> **DATA SHOWN**:
_ _ _ _ _ _ _

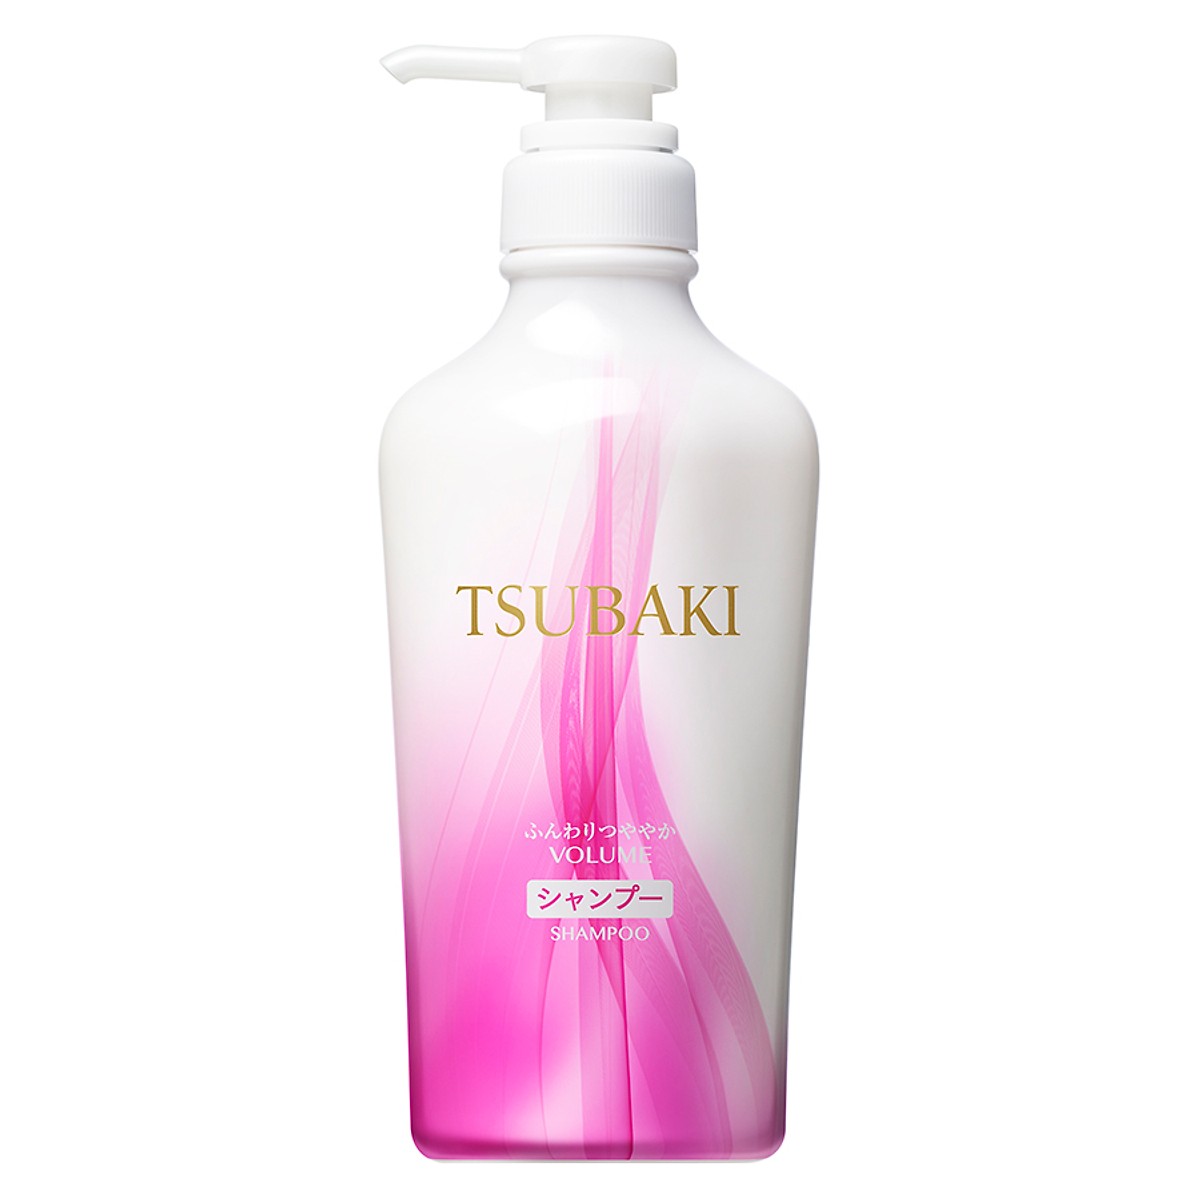 Купить шампунь shampoo. Tsubaki Volume шампунь. Шампунь Shiseido Tsubaki. Tsubaki шампунь Volume Touch. Корейский шампунь для волос Tsubaki.
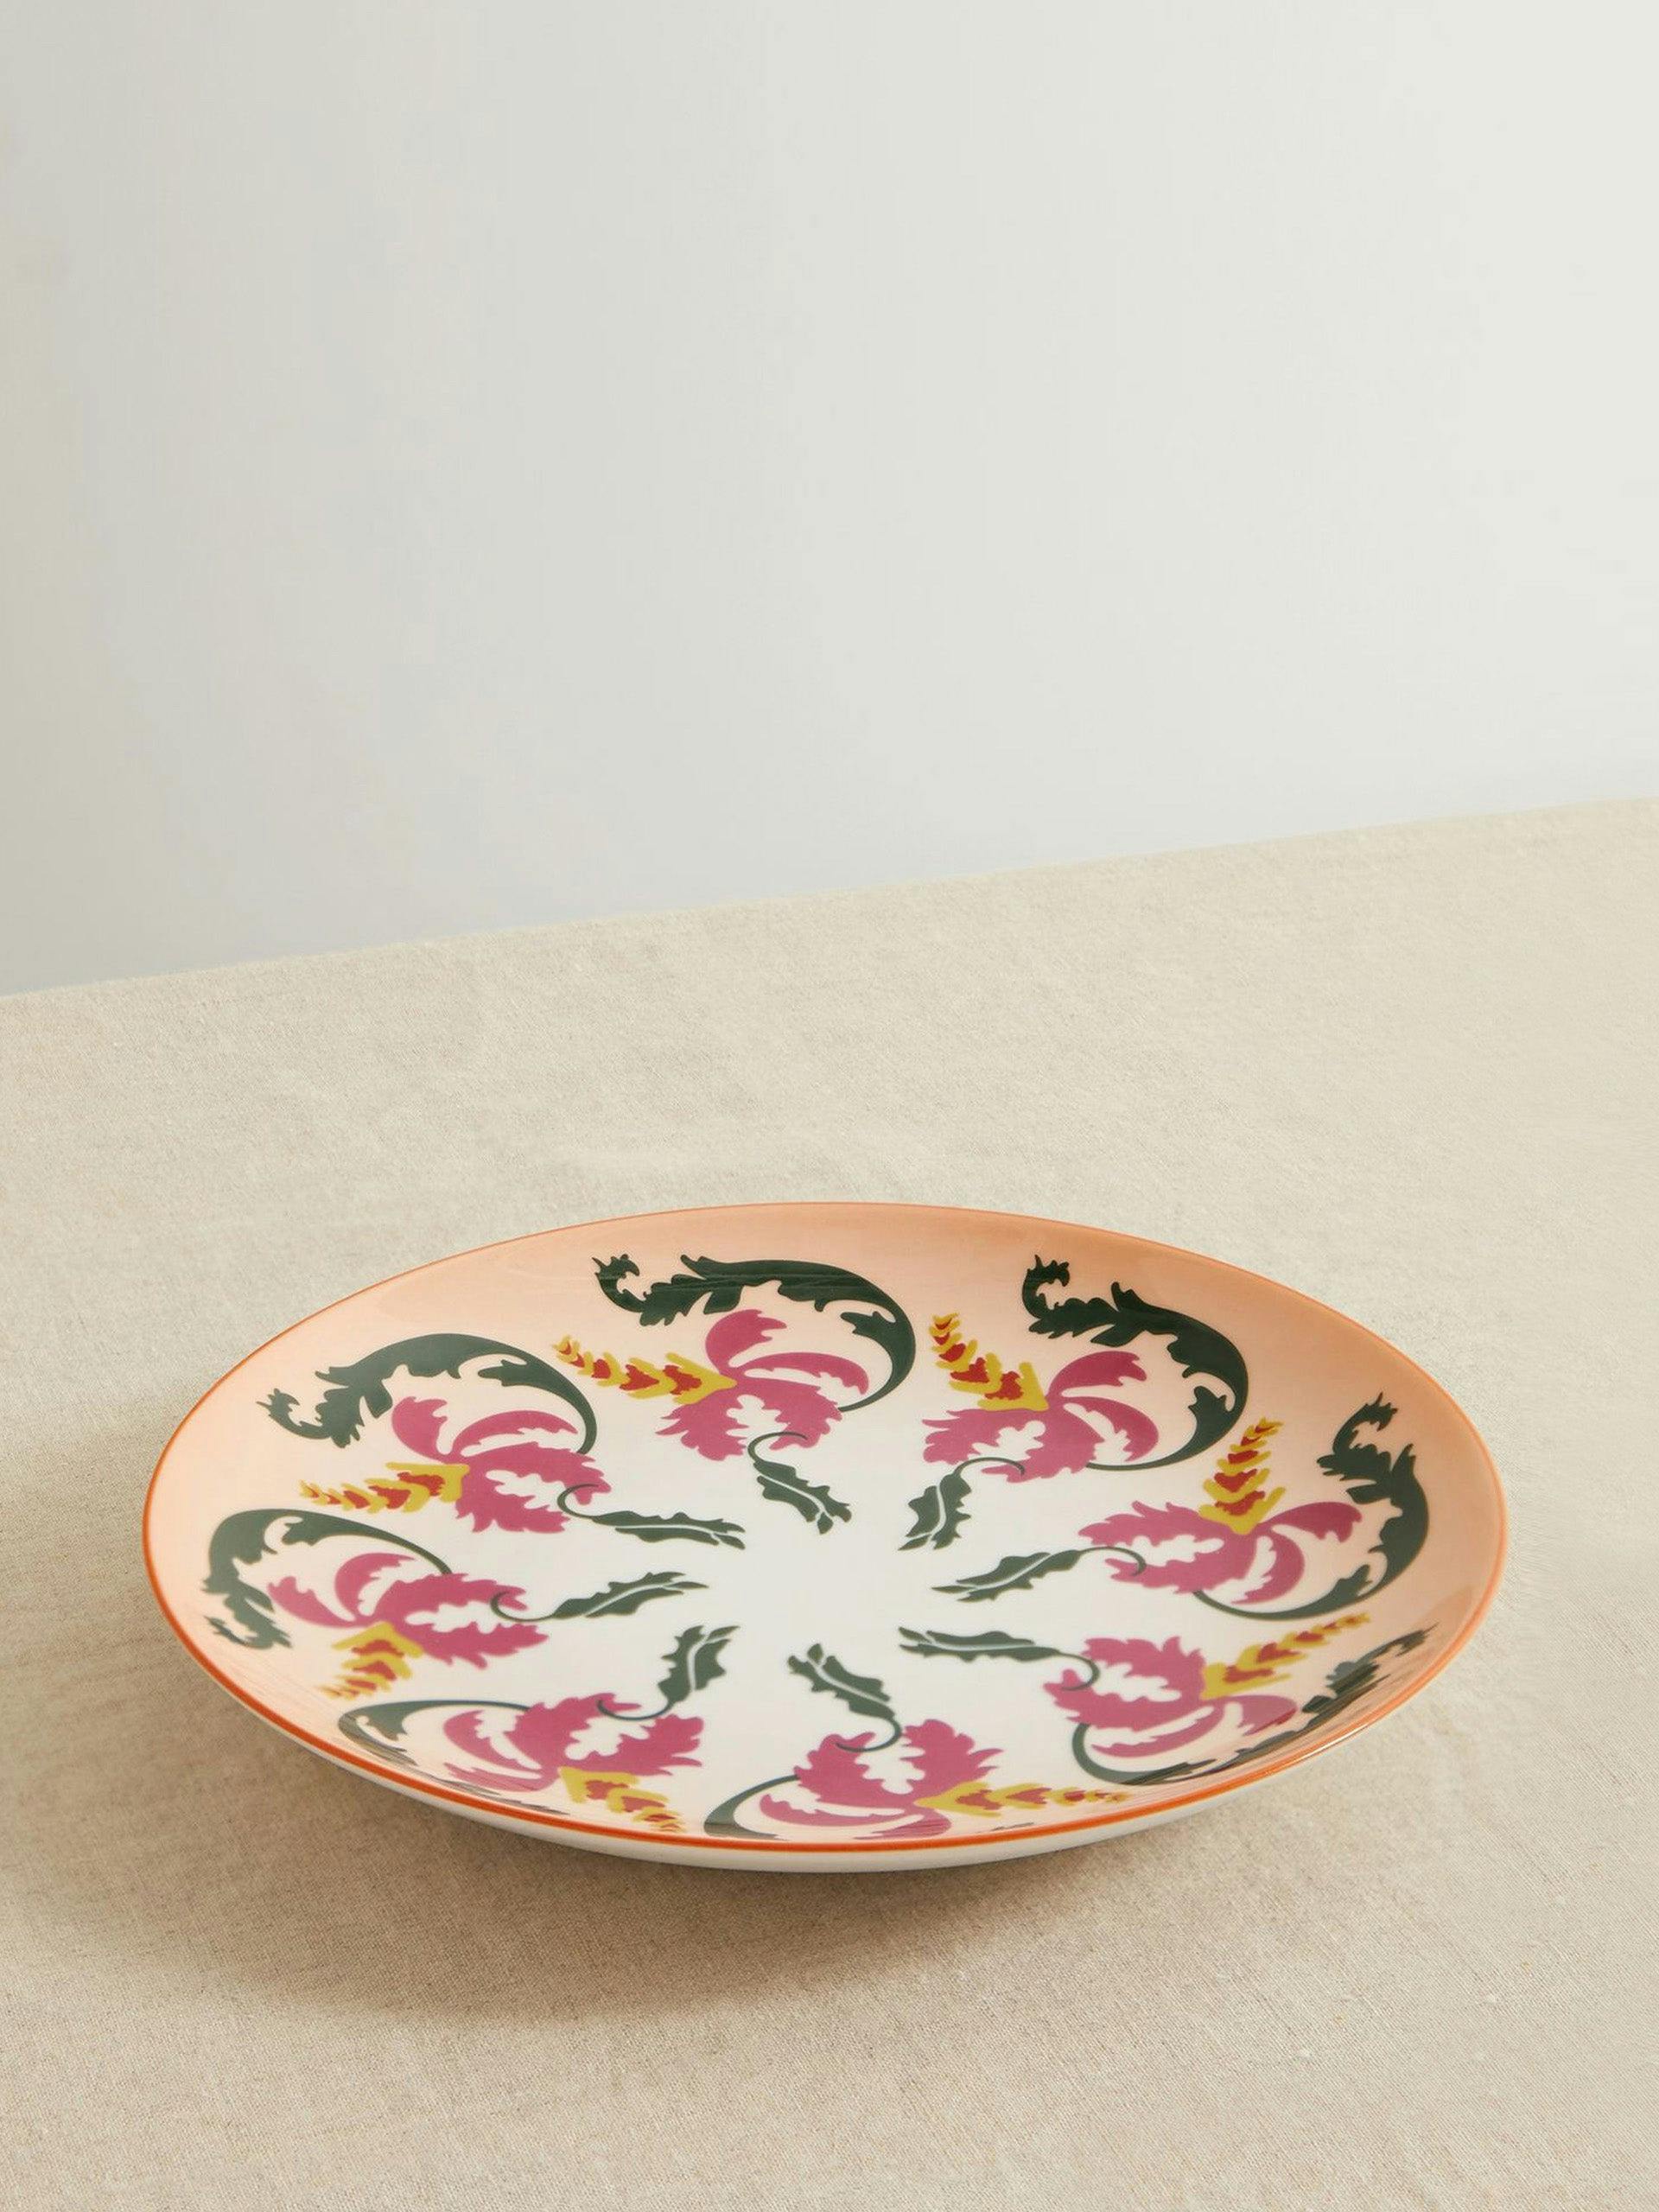 + GINORI 1735 Olga porcelain dessert plate
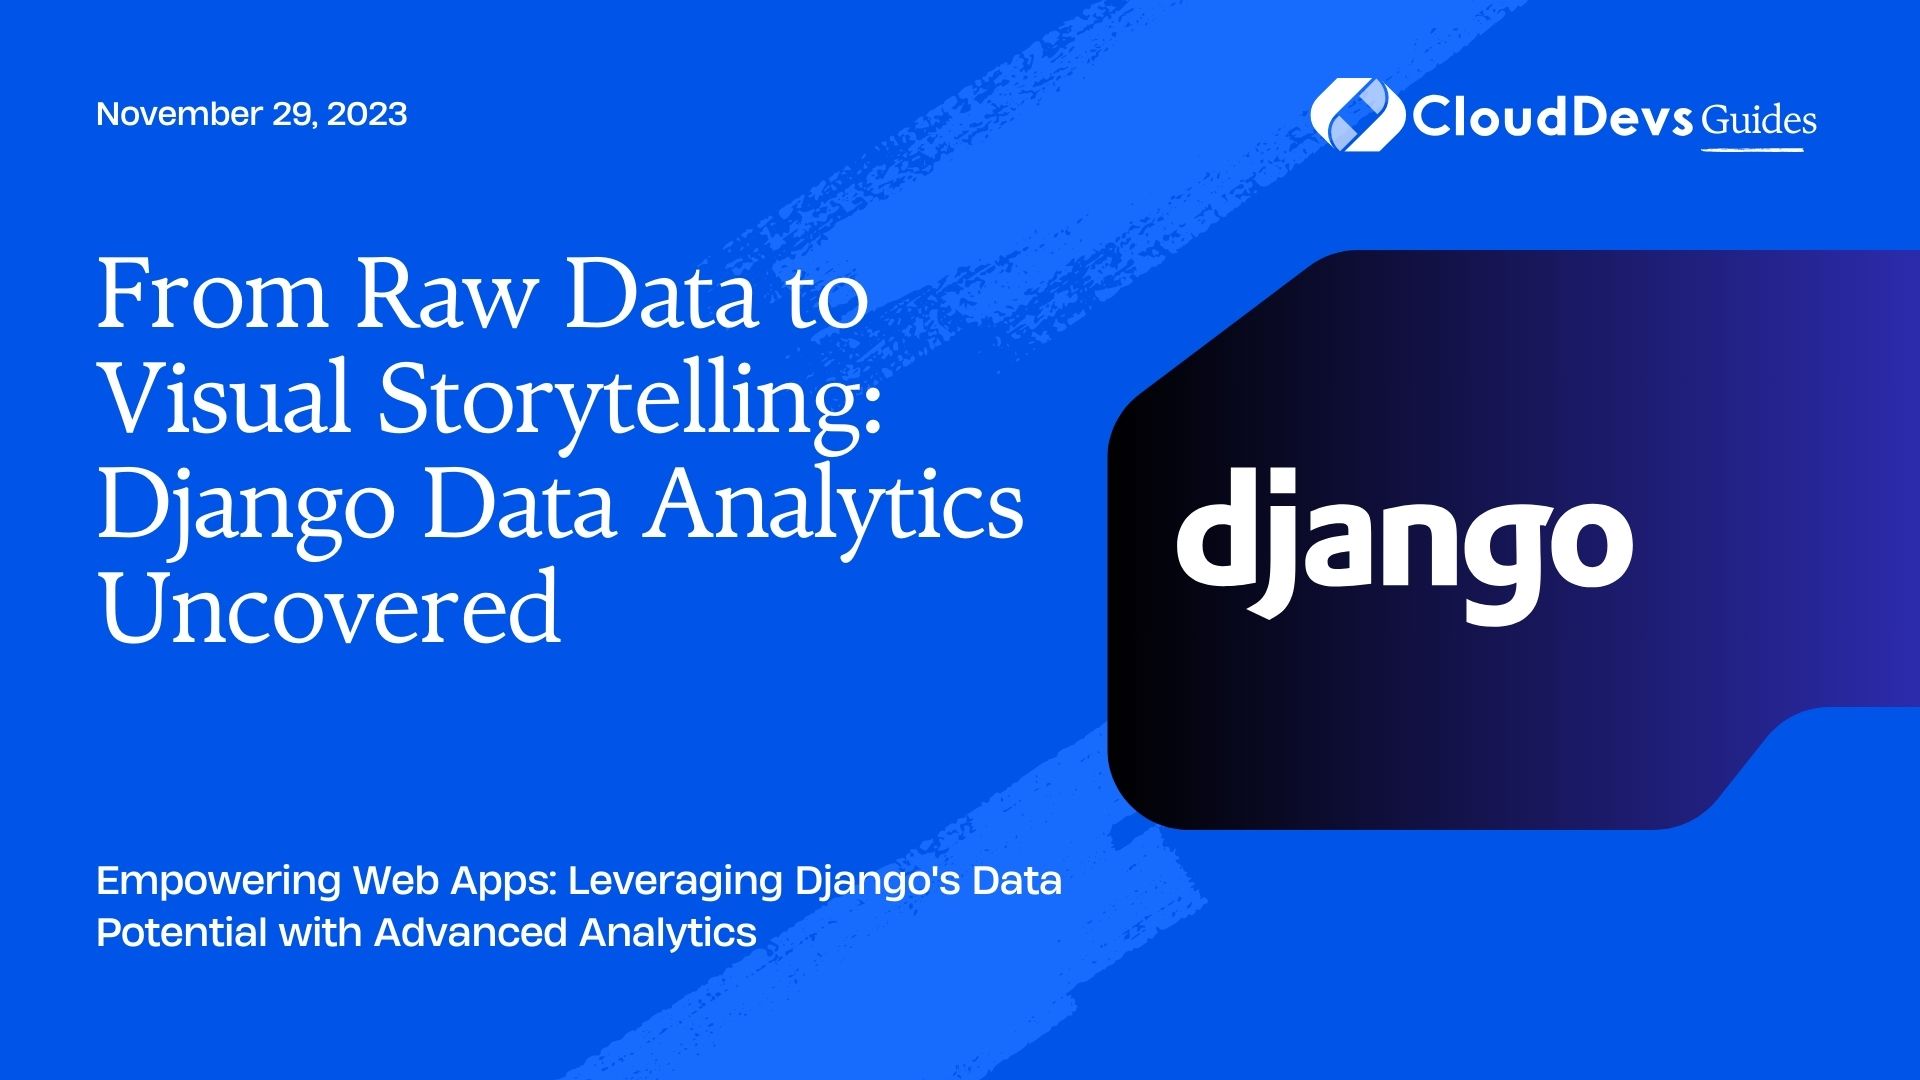 From Raw Data to Visual Storytelling: Django Data Analytics Uncovered

_ _ _ _ _ _ _

> **ACTIVITY**:
Starting at the line that contains "porcelain dessert plate", please write out each line through the last line of the data, both ends included, and keep pictures out of the copy.

> **SOLUTION TO THE EXERCISE**:
 + GINORI 1735 Olga porcelain dessert plate
 From Raw Data to Visual Storytelling: Django Data Analytics Uncovered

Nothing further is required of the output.